生命維持のための呼吸、すなわち周期性呼吸 (tidal respiration)は、主に換気(肺器官への空気の出し入れ)の必要性によって駆動されてる。しかしながら、時には、呼吸器の作用が一時的に調整されるような、特殊な呼吸作用 (special acts of respiration)が優先されることがある。

VENTILATION 
換気

換気は、酸素を体内に送り込み、二酸化炭素を体外に排出するガス交換という生命維持のためのプロセスである。ガス交換は、肺胞レベル(いわゆる外呼吸)と、組織または細胞レベル(いわゆる内呼吸)で行われる。

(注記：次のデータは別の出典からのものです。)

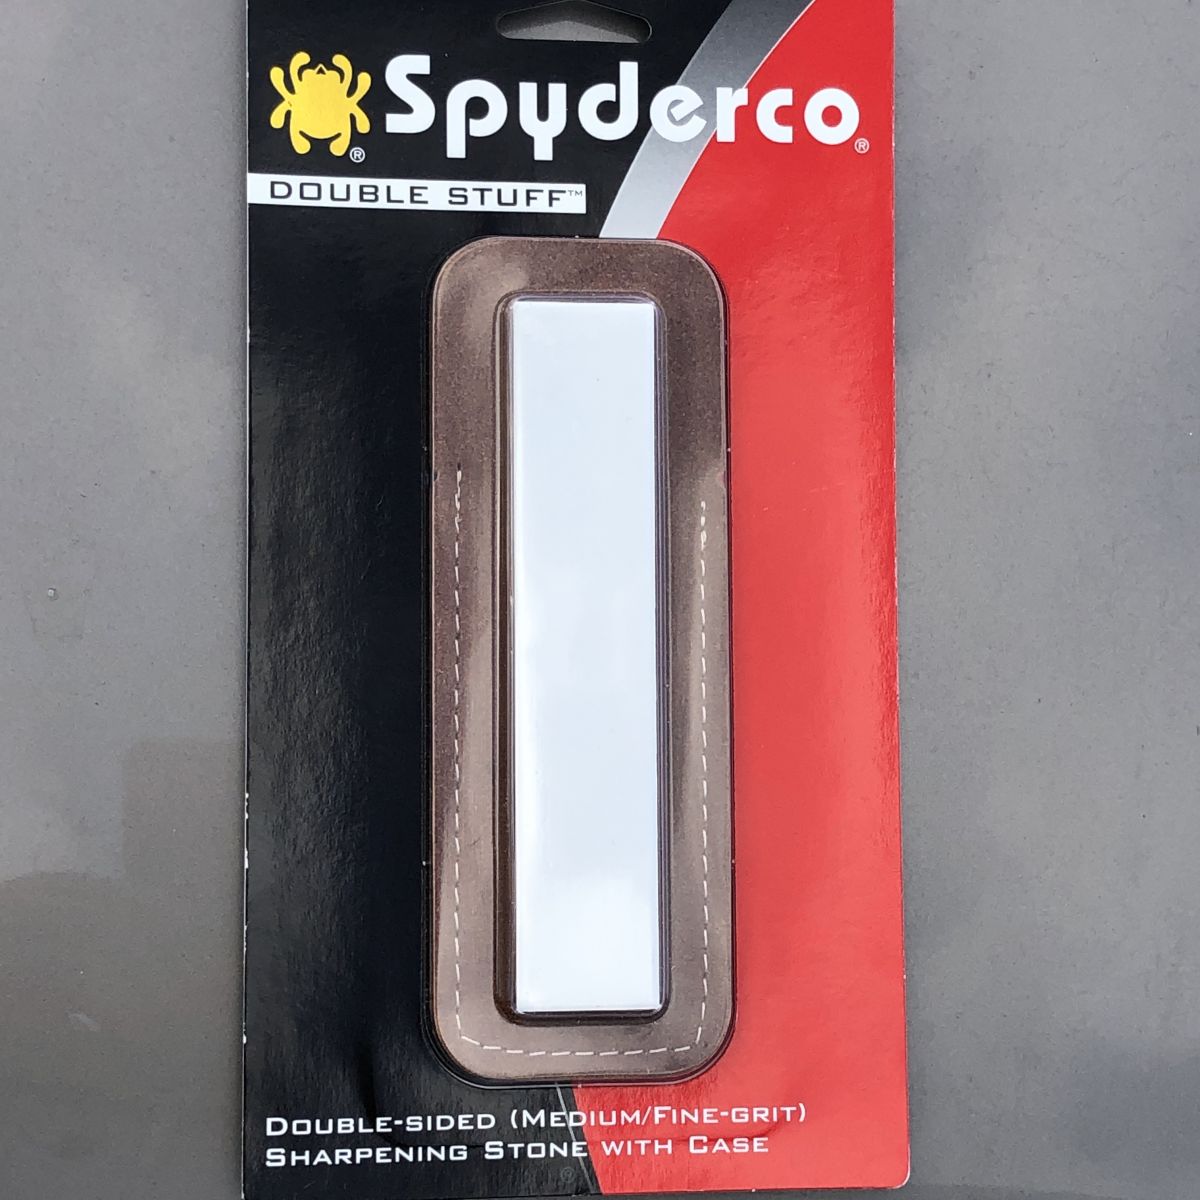 Spyderco Pocket Sharpening Stones. Double Stuff 2 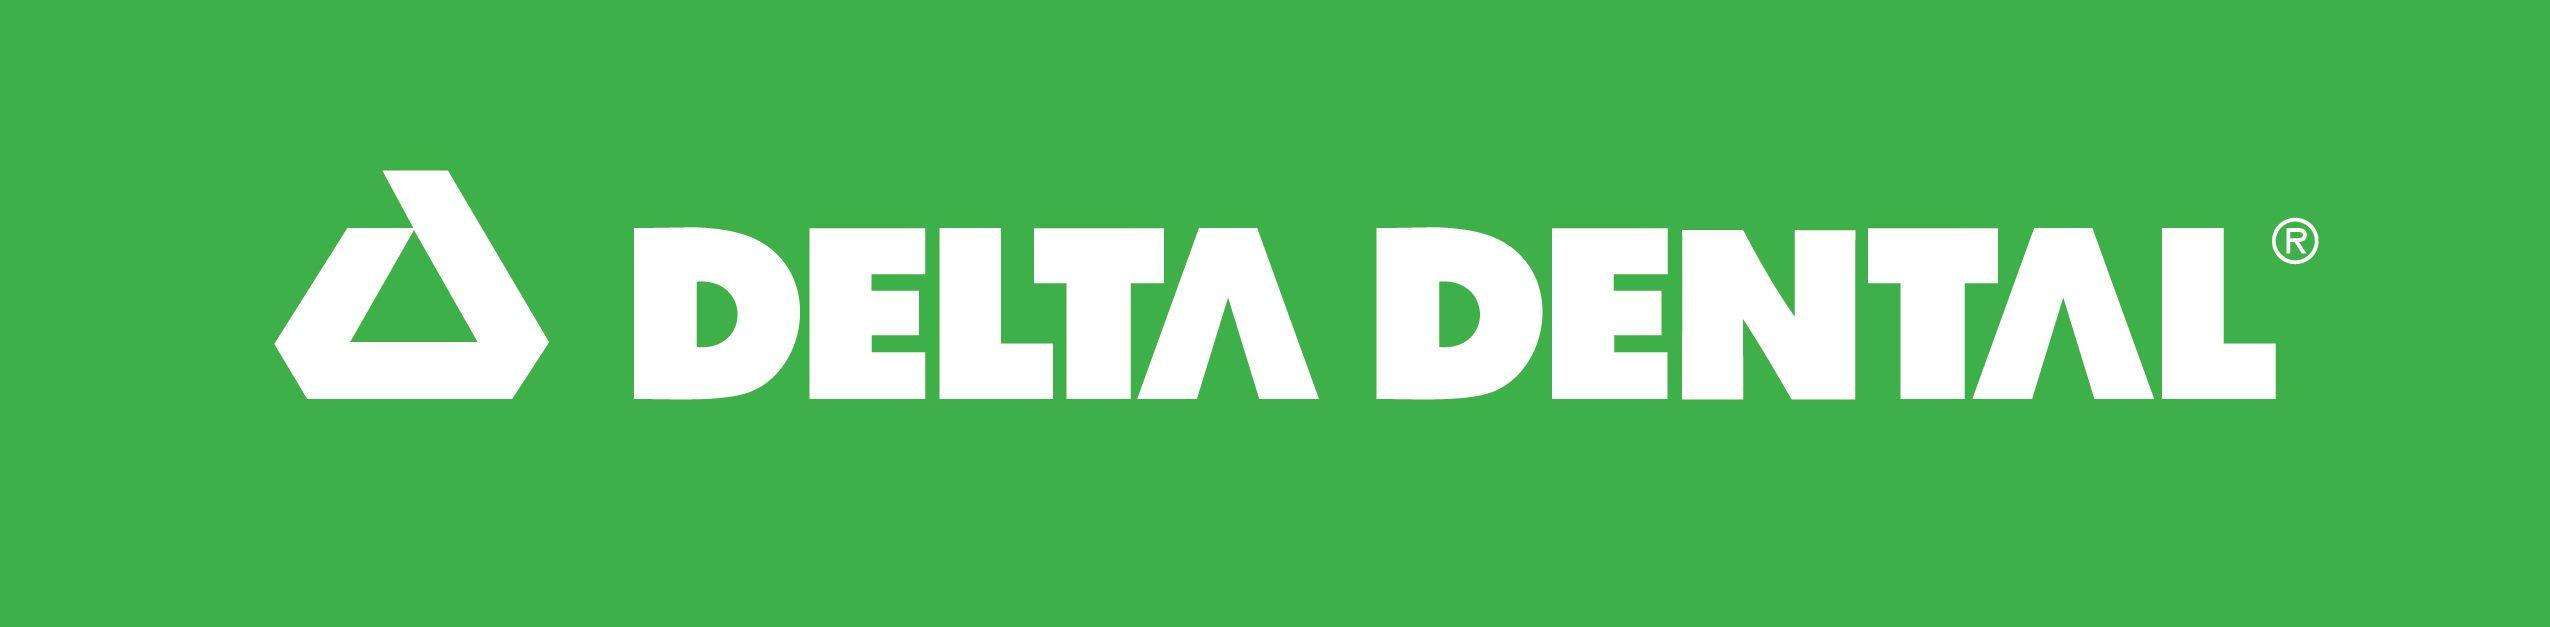 PPO Logo - Logo Usage | Delta Dental

空気(ほぼ21%の酸素を含んでいる)は肺胞に送られ、そこで酸素が血流に入り全身を通じて組織に運ばれる。組織は、血液から酸素を吸収し、代謝の副産物である二酸化炭素を血液に戻す。二酸化炭素を多く含んでいる血液は、最終的に肺胞に達し、そこで過剰な二酸化炭素は放出されて、新たな酸素が取り入れられ、このサイクルが繰り返される。ガス交換が生じる割合は、体の代謝要求によって決まる。代謝要求が高くなると、より多くの酸素が必要とされ、より多くの二酸化炭素が発生する。代謝要求は、エクササイズ、摂食と精神活動など多くの可変部分によって増加する。

p. 65

 

AEROMECHANICAL EVENTS 
空気力学現象

安静時周期性呼吸 (Resting tidal respiration)は、比較的規則的な吸気-呼気パターンとなる。吸気は、呼吸器の安静時レベルから始まる。続いて空気は呼吸器官に流れ込み、肺気量は増加する。呼気は周期性吸気終末 【訳注:吸い終わったところ】から始まり、肺の圧縮と肺胞内圧の上昇によって生じる。その後、空気が流出し、 肺気量は肺胞内圧の減少に伴い減少する。


<新生児のように吸ってはいけない>

私は、歌唱教師が生徒に「新生児のように息を吸いなさい」と教えるのを聞いたことがあります。 後天的な悪い習慣に染まらない「自然な」呼吸が、歌手のあるべき姿だと言いたいのでしょう。歌い手に言ってはいけないことベスト10を作るとしたら、「新生児のように息を吸って」はその中に入るでしょう。新生児は寝転がって呼吸していますが、直立しているときには全く異なる呼吸をします。新生児の仰向け姿勢での観察は、成人の直立姿勢での力学的環境とは関係がありません。実際、直立姿勢で呼吸器が最もよく働く方法とは逆になっています。だから、先生から「新生児のように息を吸いなさい」と言われても、丁寧に微笑んで無視しましょう。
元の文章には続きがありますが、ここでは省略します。